Regarding confusion, Seiko had to satisfy the familiar “step-by-step” approach, establishing that (i) the marks were similar; (ii) the goods were identical or similar; and, as such, and (iii) part of the public is likely to be confused.

The Registrar took the view that there are no strict formulae to adhere to when comparing the marks. It is the “first impression” created by a mark that matters. As the Registrar said:“the assessment of mark-similarity is more an art than a science, more of feel than of formula, though guided by principles.” In this instance, the Registrar found that SEIKI was visually and aurally similar to SEIKO, albeit to a low degree. In terms of conceptual similarity, the Registrar was of the view that, as Japanese is not a common language in Singapore, SEIKO and SEIKI  -- the latter being a word meaning "century" or "regular" in Japanese and also being a given name -- would simply be viewed as invented words with “Japanese-like characteristics” by the Singaporean public. Although the Registrar did not rule out the possibility of finding conceptual similarities between two marks that shared the same national characteristic, here the fact that both words sounded Japanese was too vague a concept for the Registrar to find conceptual similarity. It was also found that there was similarity in the goods represented, in that the goods covered by Seiko's mark overlapped with those of Choice Fortune.

Despite these findings of similarity, the Registrar held that the likelihood of confusion was minimal.

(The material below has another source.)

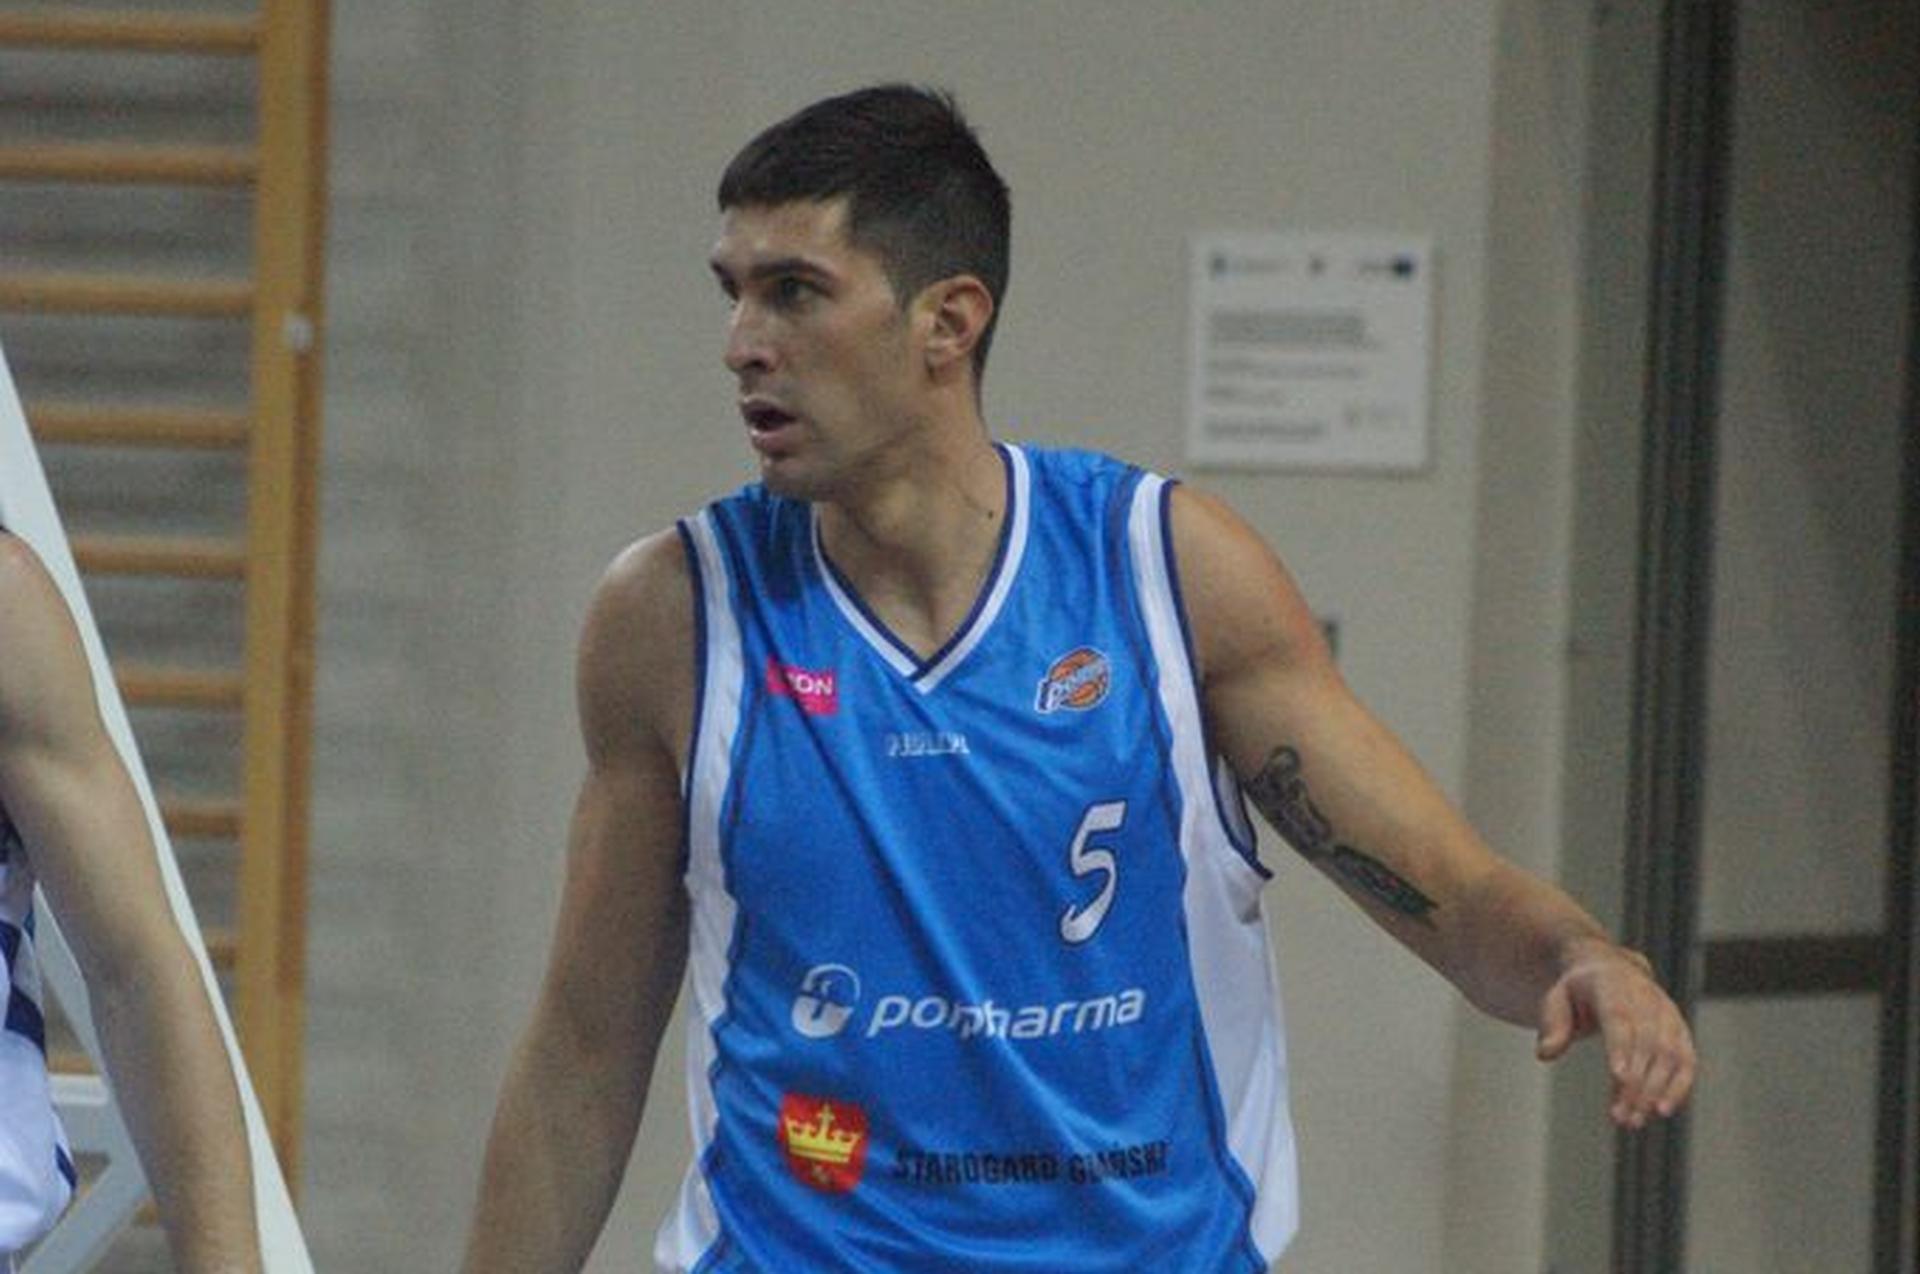 Nikola Jeftić

Although visual, aural and conceptual similarities are to be taken into consideration when deciding whether the marks are similar, these aspects are not to be taken as a pre-definitive yardstick to make a finding of confusion. Other factors are to be taken into account and the finding of confusion should always be based on the facts in each case. Here the Registrar felt that the likelihood of confusion was low because the products represented by the marks were relatively expensive, and their consumers were unlikely to purchase them on a whim. On the contrary, their consumers would have made the necessary enquiries before purchasing them and, even at the point of purchase, those consumers would pay more attention.

As for dilution, SEIKO was recognised for timepieces by the majority of the Singaporean public, and the Registrar was not convinced that consumers would draw a mental connection between SEIKO and SEIKI was it is unlikely that any rational consumer would assume that Choice Fortune's electronic goods such as television sets and disc players emanated from Seiko. It was deemed implausible that the SEIKI mark would cause dilution in an unfair manner towards the goodwill in Seiko's mark. Seiko had thus failed to conciliate the elements under all the grounds raised, so SEIKI was allowed to proceed to registration.

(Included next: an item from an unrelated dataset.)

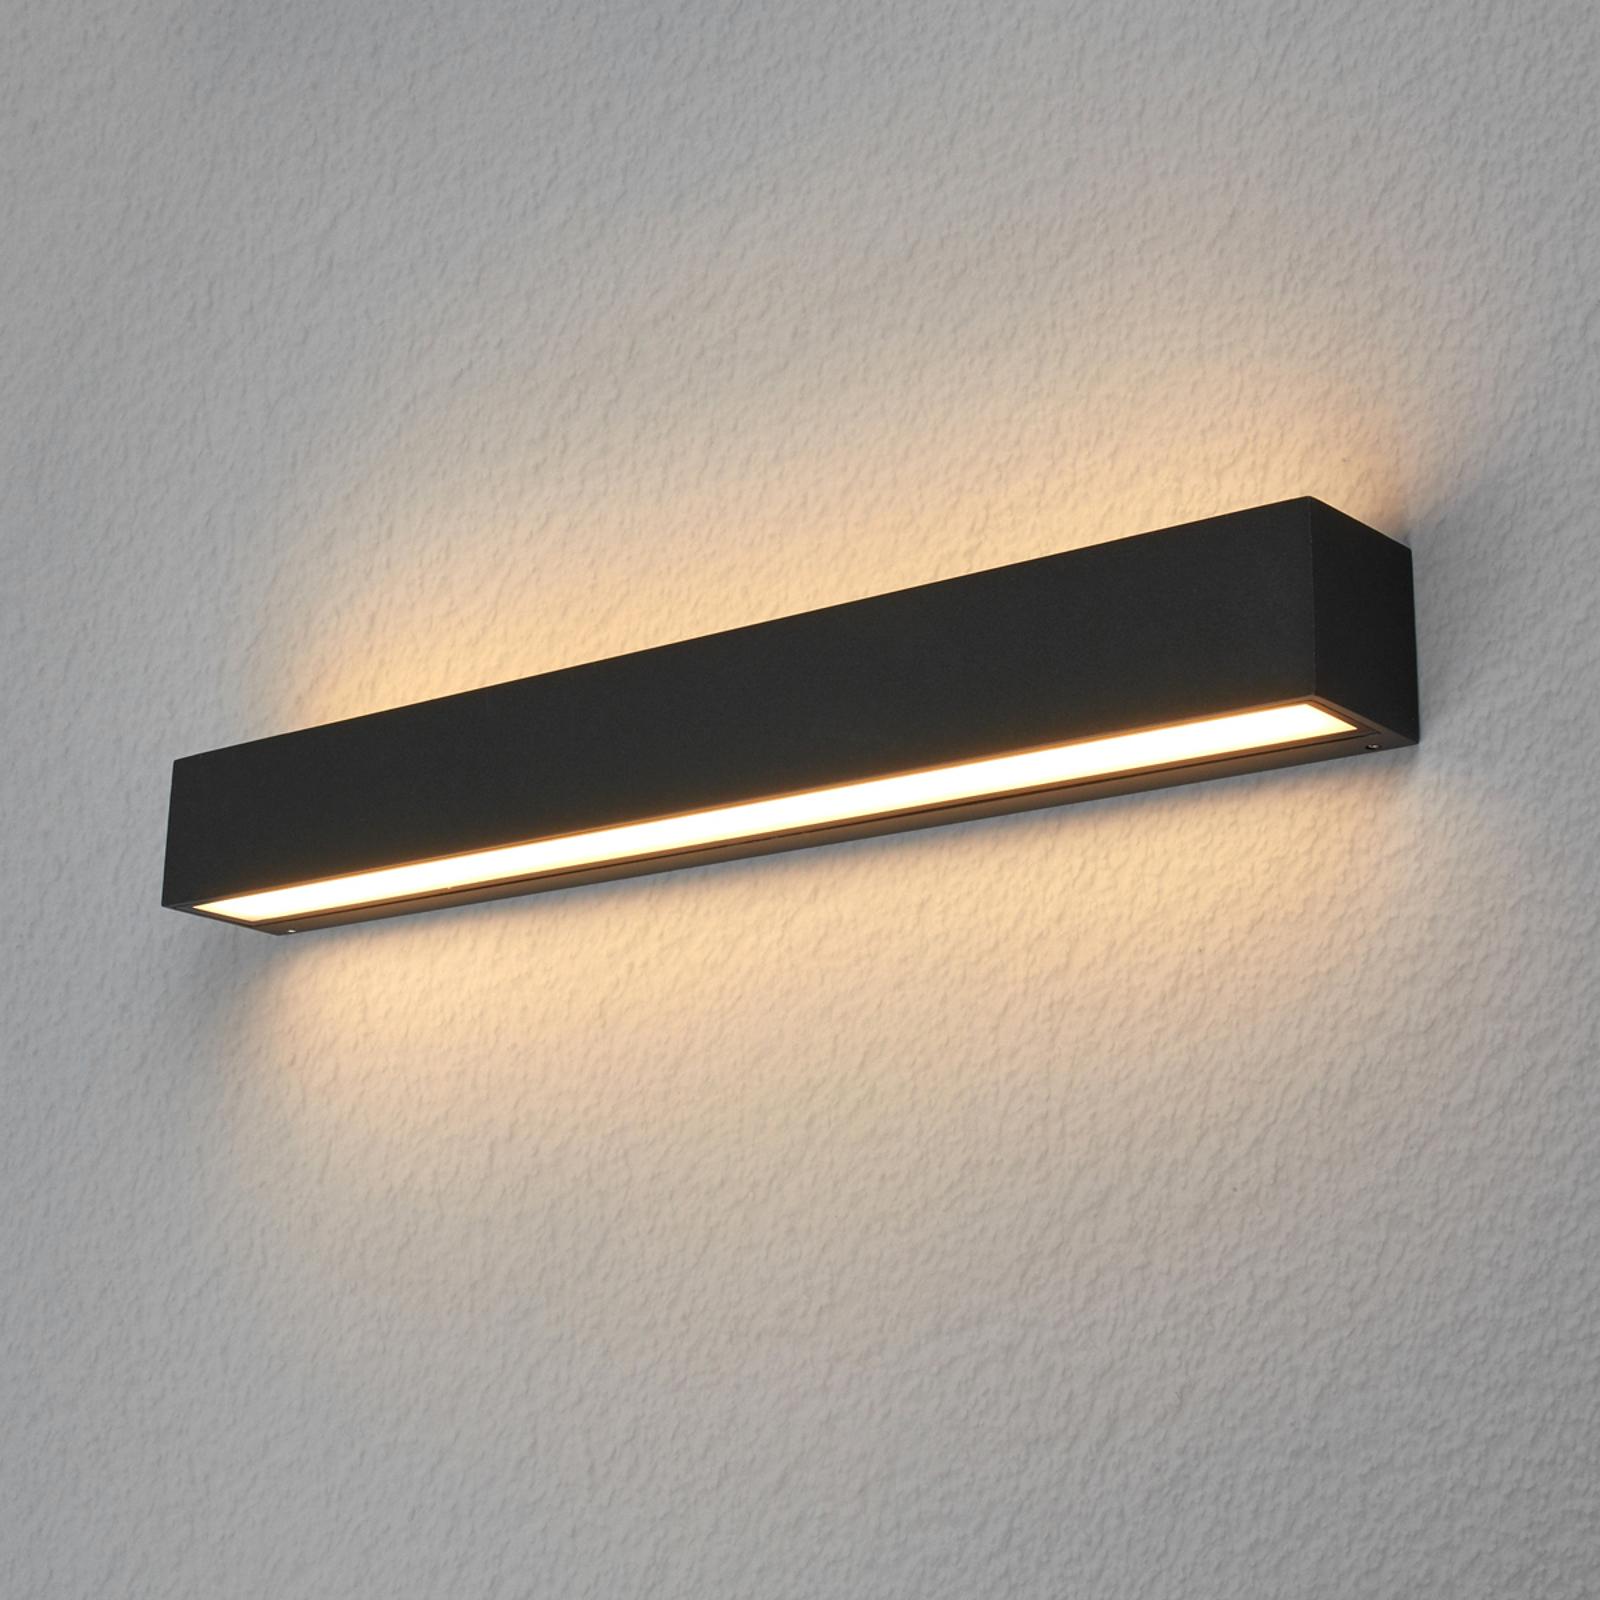 Lucande Lengo applique LED, 50 cm, grafite, 2 luci

What was significant here was that the existence of a long and established reputation could actually act against being able to establish likelihood of confusion.The more strongly a trade mark is ingrained in the mind of consumers, the less likely it is that confusion would arise. This was not a decision to give heart to owners of well-known brands.
You can read the decision in full here.

4 comments:

Anonymous said...

We have several wide screen televisions by Seiki.

Not once did the thought occur to me that Seiko was involved.

Never gave such 'the time of day' (as it were).

Anonymous said...

Don't know if this is relevant, but on my QWERTY keyboard the "i" and the "o" are next to one another. I would be quite capable of hitting the wrong key on occasion, which would turn seiko into seiki, or of course vice versa

Anonymous said...

...or even seoki,

or seoko...

Uhoh, are there more parties to be involved here....?

(or was that more partoes?)

Anonymous said...

Can I now apply for a trademark Epple for data processing equipment and software? Surely, no-one would confuse this with the extremely well-known trademark Apple, would they?
Trademark registration is slowly but surely becoming a totally ineffective system for protecting one company against encroachment by another.